WS-I compliance options

[Jacques Durand <JDurand@us.fujitsu.com>]

Title: WS-I compliance options

Here is a first cut at the basic decisions I see we'll need to make
regarding the WS-I compliance of ebMS V3.0.

I am identifying below the basic issues we are facing, and simply list some
options we have in addressing them. So we can discuss these and narrow the options
before going further.

Jacques

WS-I BP compliance issues:

1. --- Level of enforcement of Profile conformance:

(A) we just make sure the MSH generates profile-conformant message material, but we ignore material that is not generated directly by the MSH, and for which we

can rely on the providing 3rd party for conformance (i.e. don't check received messages, or SOAP body passed to an MSH by its sender app for sending).

So the only messages that would be entirely verified are those totally generated
by an MSH, e.g. Ack signals.

(B) in addition to checks done in (A), we "embed" profile conformance rules (to some degree) for material not generated by the MSH , i.e. received messages, and also SOAP body passed from the user layer (sending side), and flag an error for at least the most obvious profile violations.

(C) A variant to (B) is to support this as an optional verification service, controlled by some header content.

2. --- Which profile should ebMS messages be conforming to:

Sol #1: Use some "inference" rules: e.g. if no attachment is used (no MIME)then "SimpleSOAP 1.0" profile should be the target. If some MIME envelope is there,

 the Attachments Profile (AP 1.0) should be the target.
We can only decide of this when looking at the message one by one.

Sol #2: Or, should a CPA entry specify which Profile should be complied to ?

3. --- WSDL references:

Some Profile requirements need to correlate message content and WSDL content.

(A) Ignore these. Assuming that an MSH is not supposed to know about WSDL asociated with its messages, the MSH will then ignore these rules.

(B) try to do some inferencing, or narrow the profile "options": e.g. we assume the binding is doc-lit (or this could be part of CPA-configured profile requirements). Or, if some synchronous business response is expected,

we assume conformance rules that apply to a WSDL req-resp operation type should apply.

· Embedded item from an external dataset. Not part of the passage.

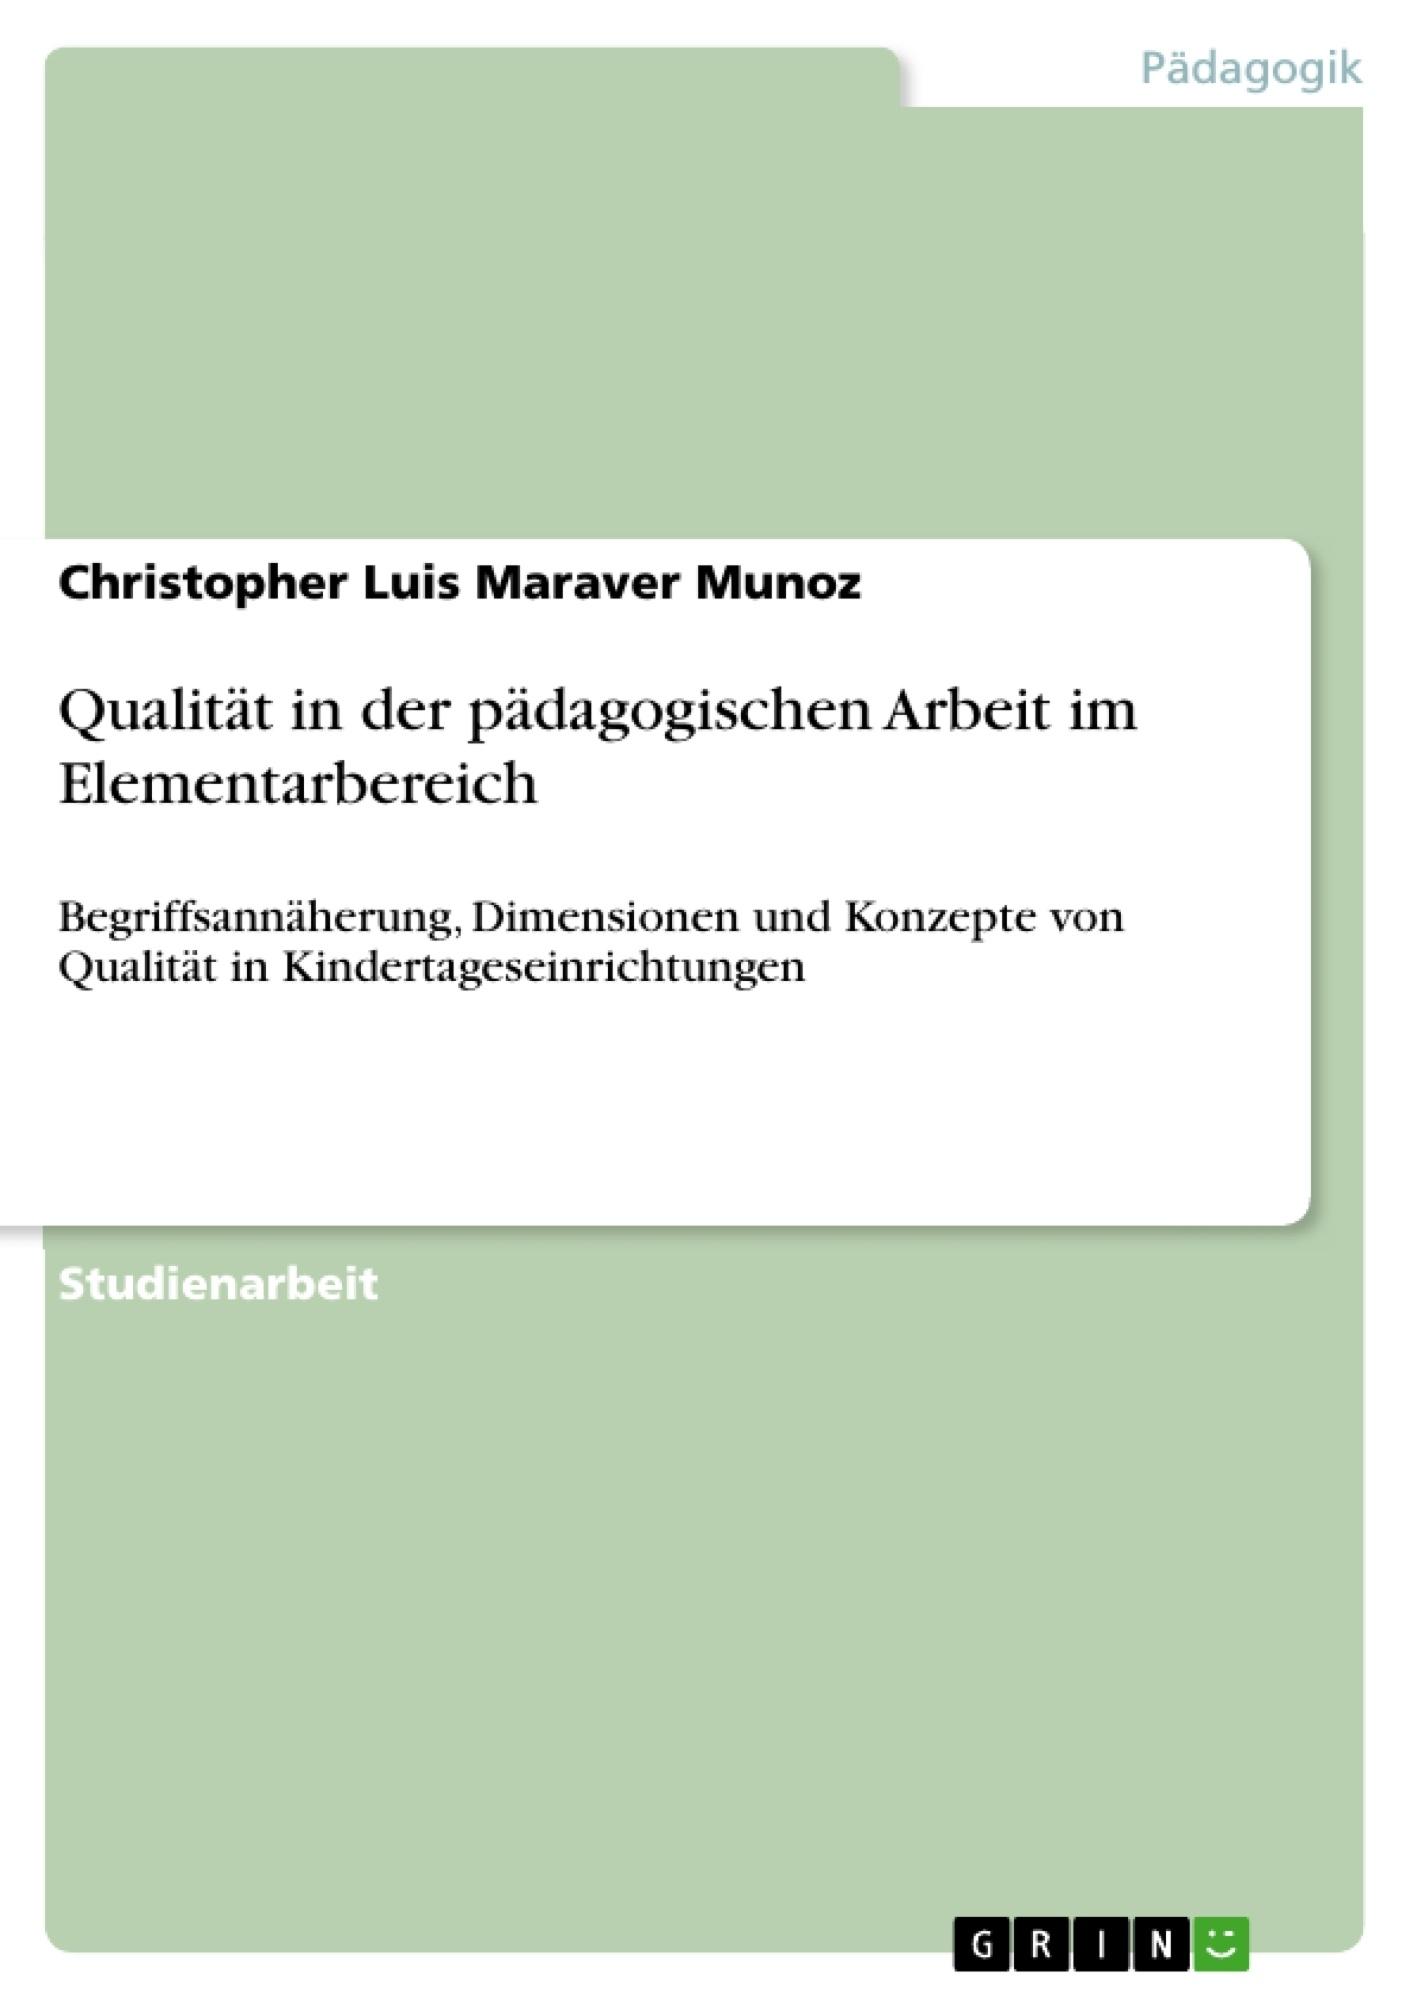 Titel: Qualität in der pädagogischen Arbeit im Elementarbereich

4. --- Level of intrusion in SOAP envelope.

Several profile requirements are about the content of the SOAP body.

Approach #1: leave this out of scope of the MSH: user layer supposed to
handle this aspect of Profile conformance. We only care about this for the messages the MSH is gnerating all by itself (e.g. Acks).

Approach #2: stronger: make this verification an (optional) payload service?

Approach #3: stronger: make this verification built-in the MSH? (would not do this because new profiles may appear later? Or would that be time for a new ebMS version when that occurs?).

5. --- HTTP requirements

These obvioulsy only apply when using HTTP transport. So when the ebMS
binding is not HTTP, should:

(A) all profile reqs implementated in MSH be voided (at least those used to "verify", if not those used to "create" message material) since current WS-I profiles are about HTTP.

(B) only those reqs that relate to HTTP be NOT applied.